We estimated daily PM2.5 levels at each maternal residential address using a hybrid of land-use regression and satellite remote sensing, as previously described [24]. Briefly, the model (R2=0.88) uses a land-use regression model that includes spatial and temporal factors and satellite measurements of aerosol optical depth (AOD) on a 1 km grid and fits a daily calibration regression using ground-level PM2.5 measurements. Differences between grid cell AOD and measured PM2.5 are regressed against local land use features to generate estimates of local source (mostly automobile traffic) exposure on a finer scale (200 m × 200 m).

We also examined BC as a marker of traffic-related air pollution. We estimated daily BC levels at each address using an extended version of a validated spatial-temporal land-use regression model [25]. Briefly, this model incorporates daily average BC measurements from five RI monitors, meteorological data from nearly 2 dozen local weather stations, land use data, latitude and longitude, daily meteorological factors, and interaction terms between land use and daily meteorological factors. The model performed well in cold (November – April) and warm (May – October) seasons (10 fold cross-validated R2 of 0.73 and 0.75, respectively).

To facilitate comparison with previous studies, we also obtained daily PM2.5 and BC measurements from stationary monitors operated by the RI Department of Environmental Management. We obtained PM2.5 data from six monitors in Providence County and BC data from two monitors in Providence and East Providence, RI and calculated daily averages of each pollutant.

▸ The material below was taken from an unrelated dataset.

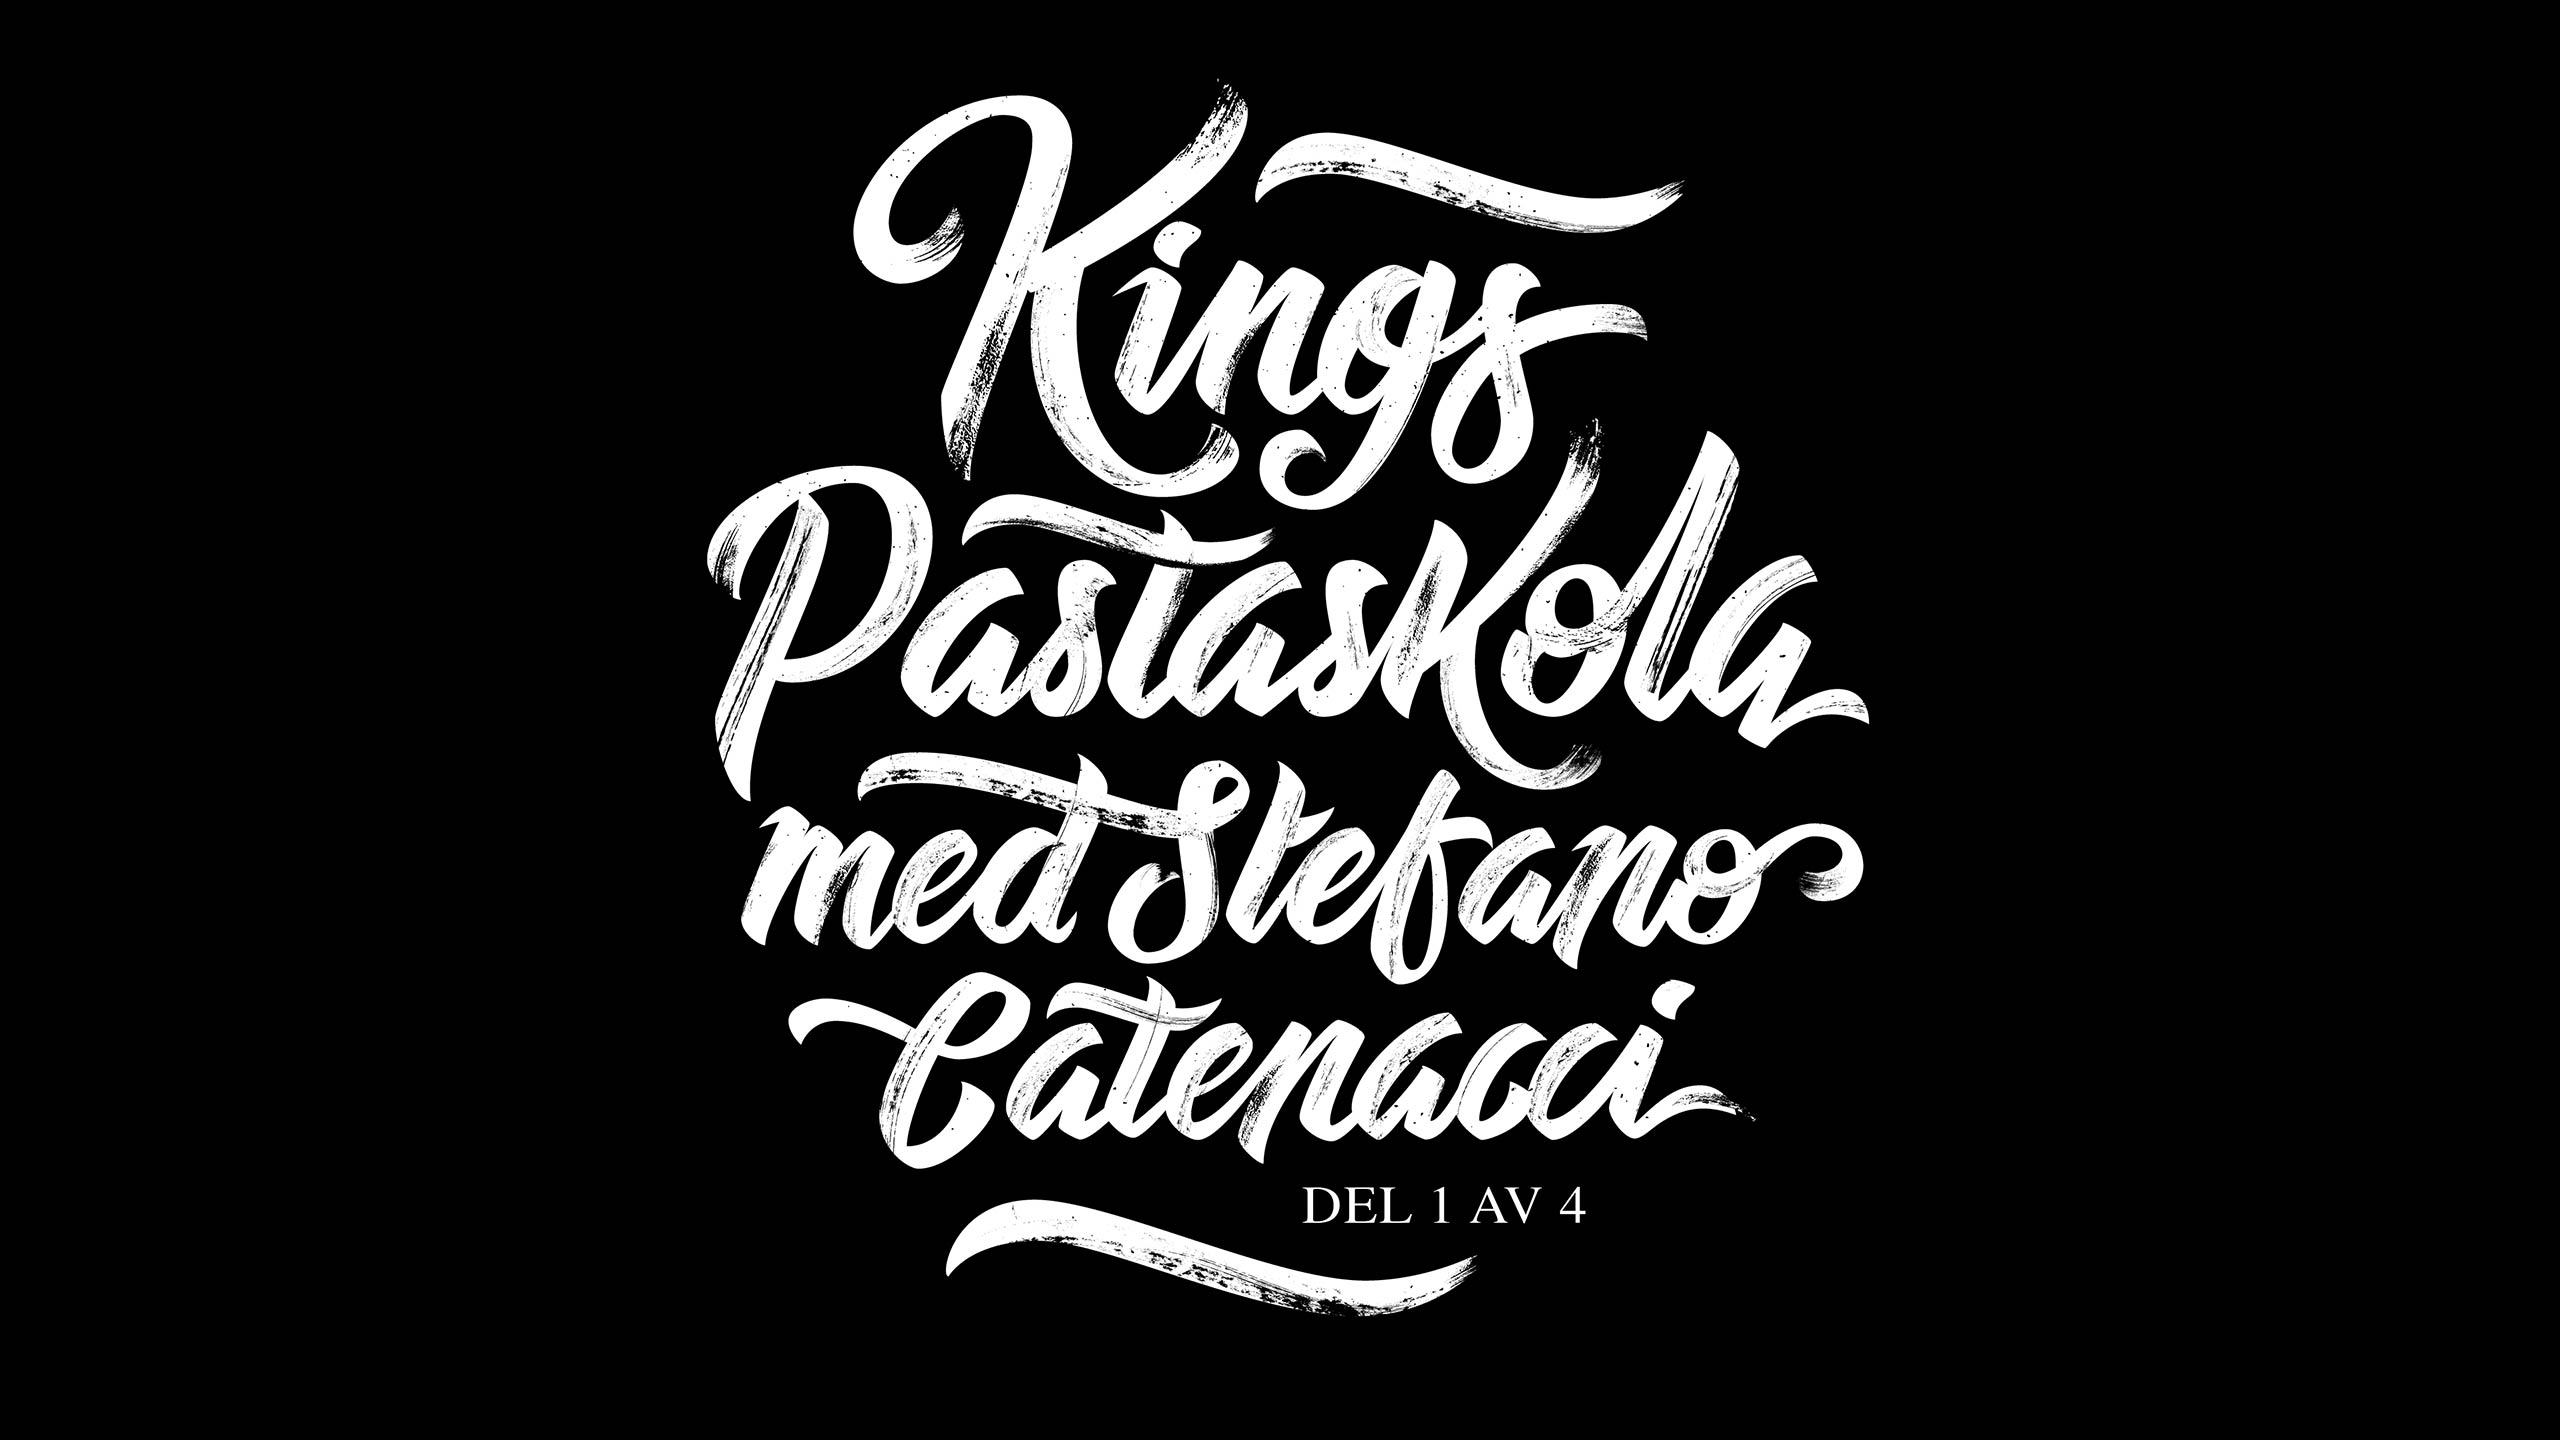 Final lettering for King Magazine.

Thus, modeled and monitored PM2.5 estimates were available for deliveries taking place anytime during the study period (2002–2012), modeled BC estimates were available for 2004–2011, and monitored BC was available for 2005–2012. For both monitored and modeled pollutant levels, we averaged the daily exposure estimates to determine the average levels for the entire pregnancy as well as for the first trimester (weeks 1–12), second trimester (weeks 13–26), and third trimester (weeks 27 to birth), as in previous studies [26]. While our primary analyses were based on pregnancy-average pollutant levels, we additionally investigated trimester-specific exposures as vulnerability to air pollution may change over the course of pregnancy [9, 14, 27].

Outcome Assessment

We defined preterm birth as births before 37 completed weeks of gestation. Term birthweight, small for gestational age (SGA), and low birthweight (LBW) were used as markers of fetal growth among term births. Birthweight was obtained from birth certificates and was measured in grams. SGA was defined as the lowest 10th percentile for gestational age and sex based on 1999 and 2000 U.S. births [2831]. We defined LBW as term births having a birthweight <2500 g.

Covariates

We considered the following potential confounders: maternal age, parity (0, 1, or ≥2), maternal race (Black, White, Other), maternal education (less than high school, high school, attended college but did not graduate, graduated from college, attended graduate school), marital status (married, single, other: divorced, separated, widowed, unknown), health insurance (private, public, other: Medicare, Champus, self-coverage, other coverage, coverage unknown), and tobacco use during pregnancy (yes, no). Public insurance (Medicaid or Medicaid/HMO) during this time was only provided to low income women. Gestational age was measured in weeks.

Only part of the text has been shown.